# PROBLEM REQUIREMENTS:
Look for the line containing "iPhone 8. Concept Design" and the line containing "Большая вода отрезала" in the entries below. Copy those two and all lines between them exactly, leaving out pictures.

# GIVEN INFORMATION:
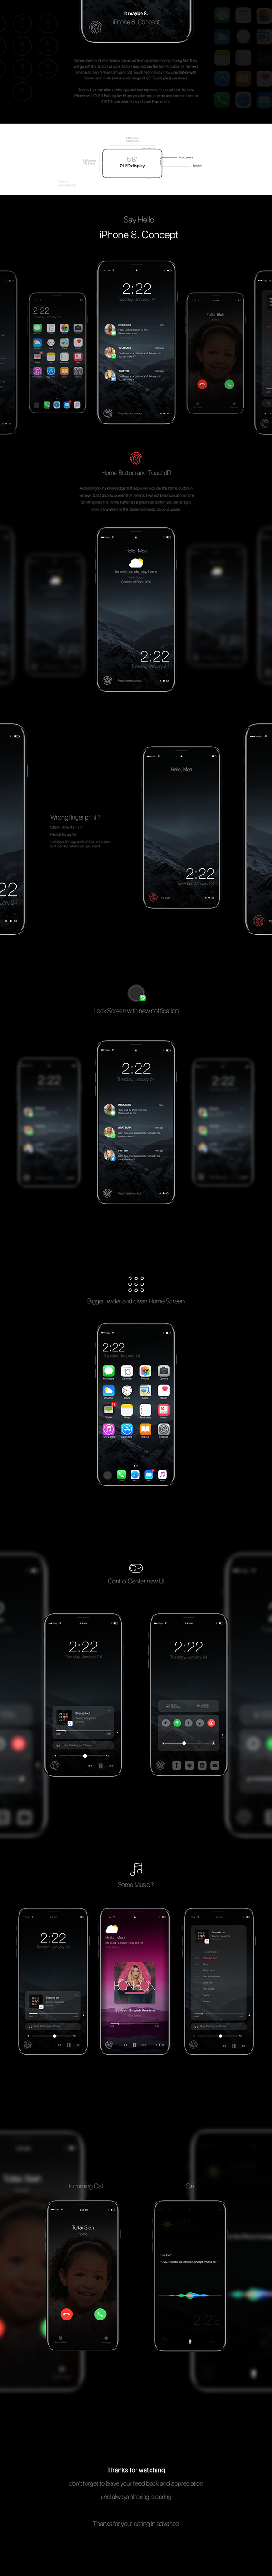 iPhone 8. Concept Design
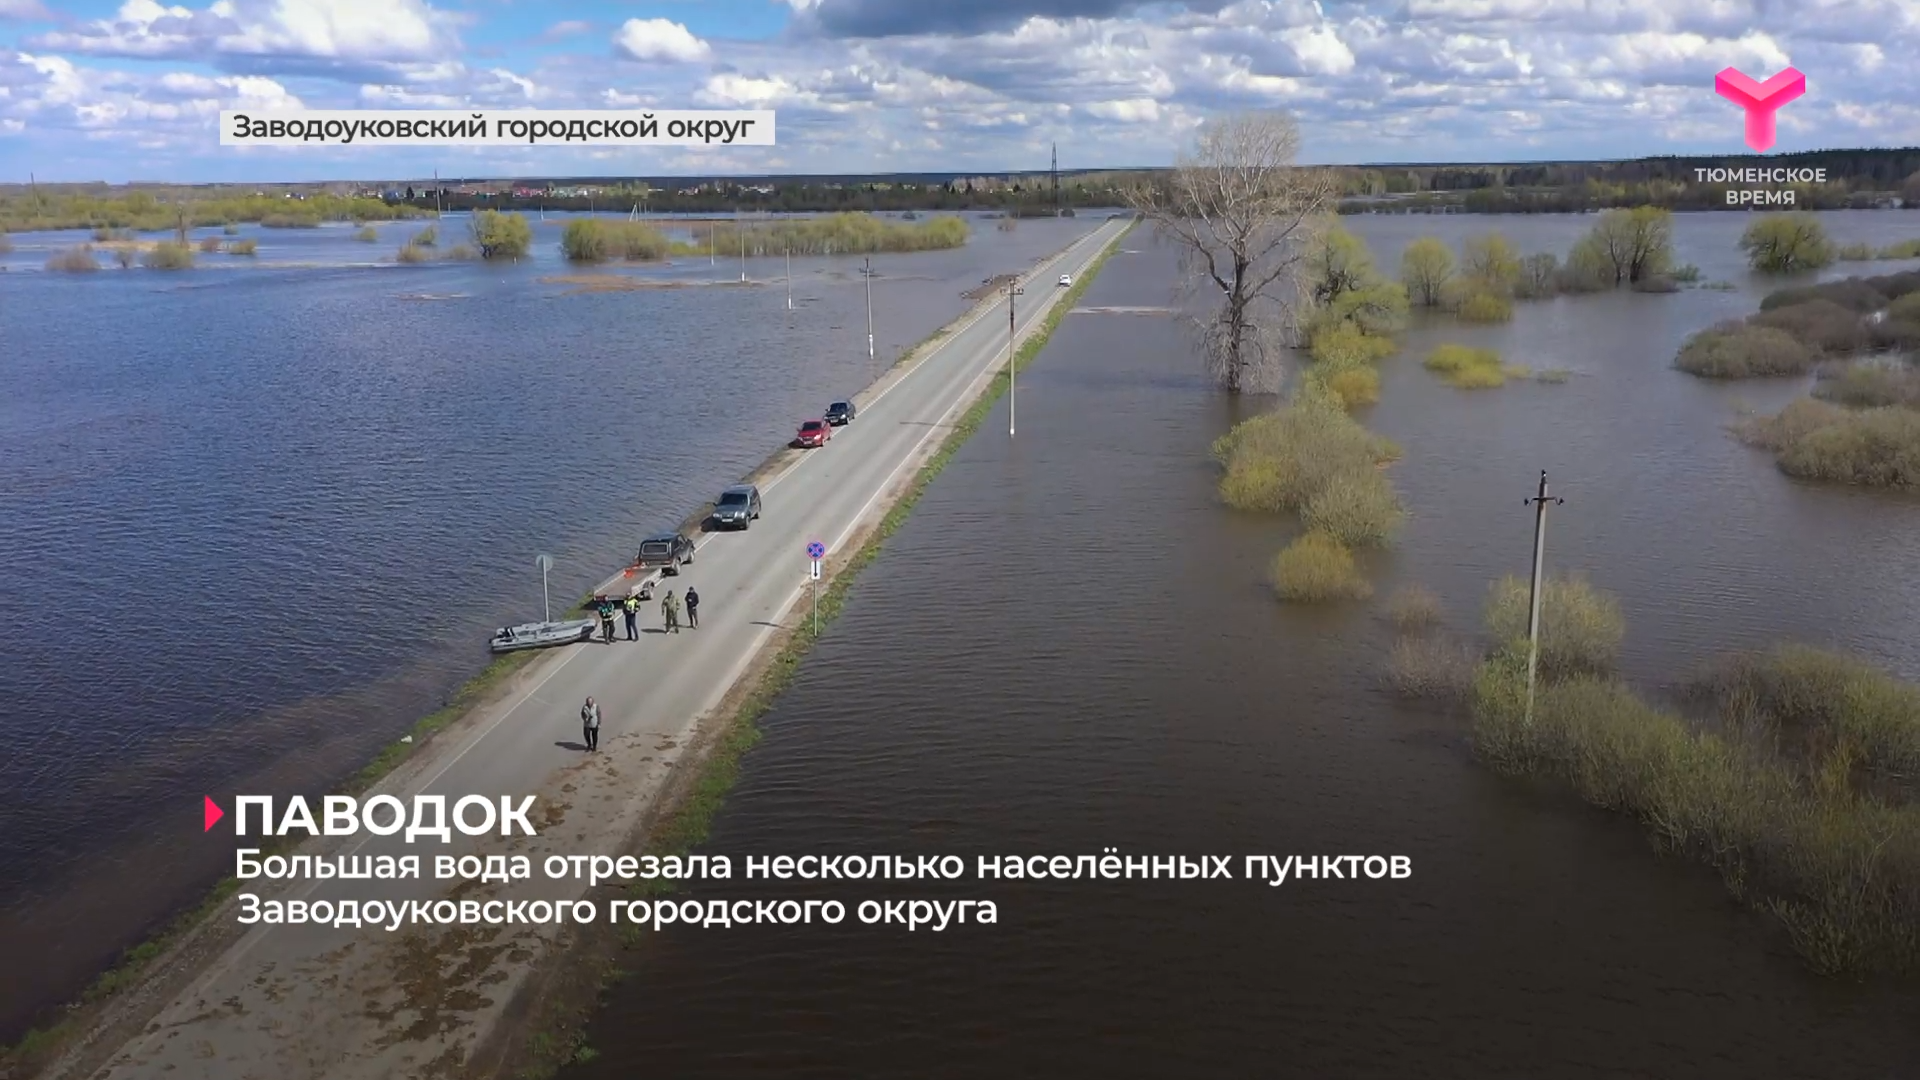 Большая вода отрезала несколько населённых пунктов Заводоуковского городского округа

* * *

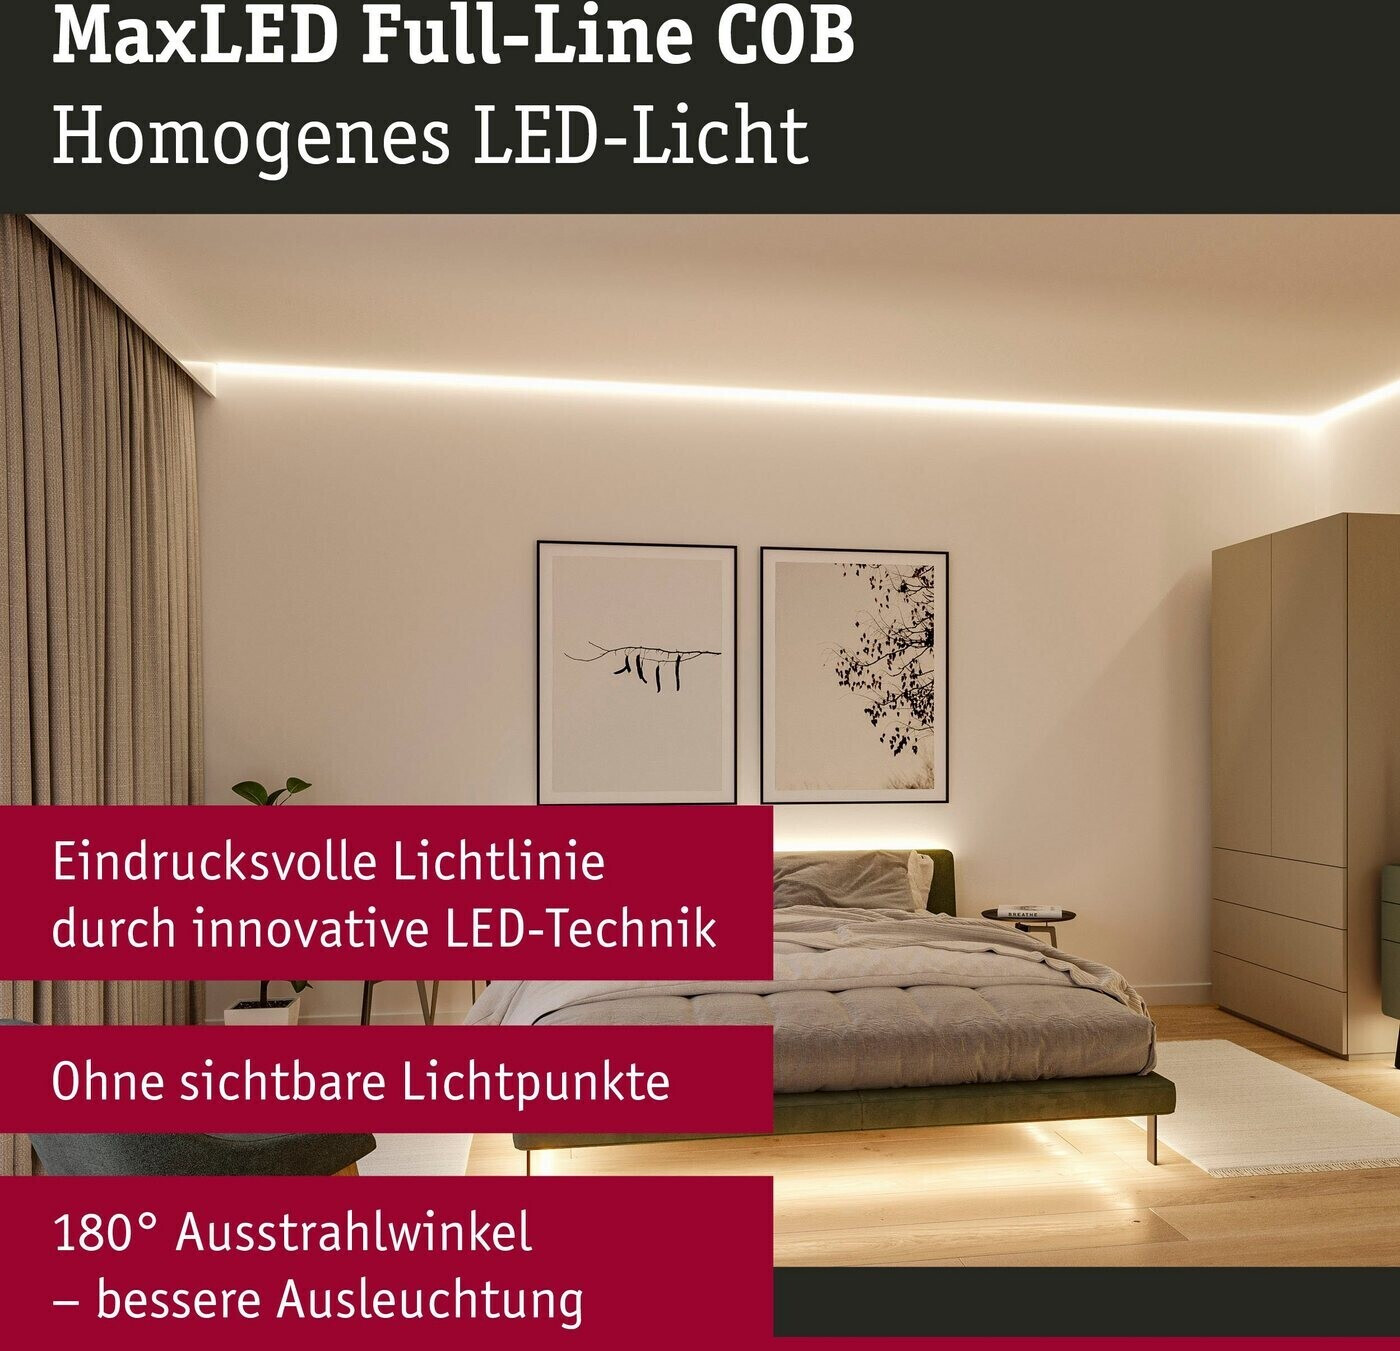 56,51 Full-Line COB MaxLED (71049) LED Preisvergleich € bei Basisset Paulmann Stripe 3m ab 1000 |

# ANSWER TO THIS EXERCISE:
 iPhone 8. Concept Design
 Большая вода отрезала несколько населённых пунктов Заводоуковского городского округа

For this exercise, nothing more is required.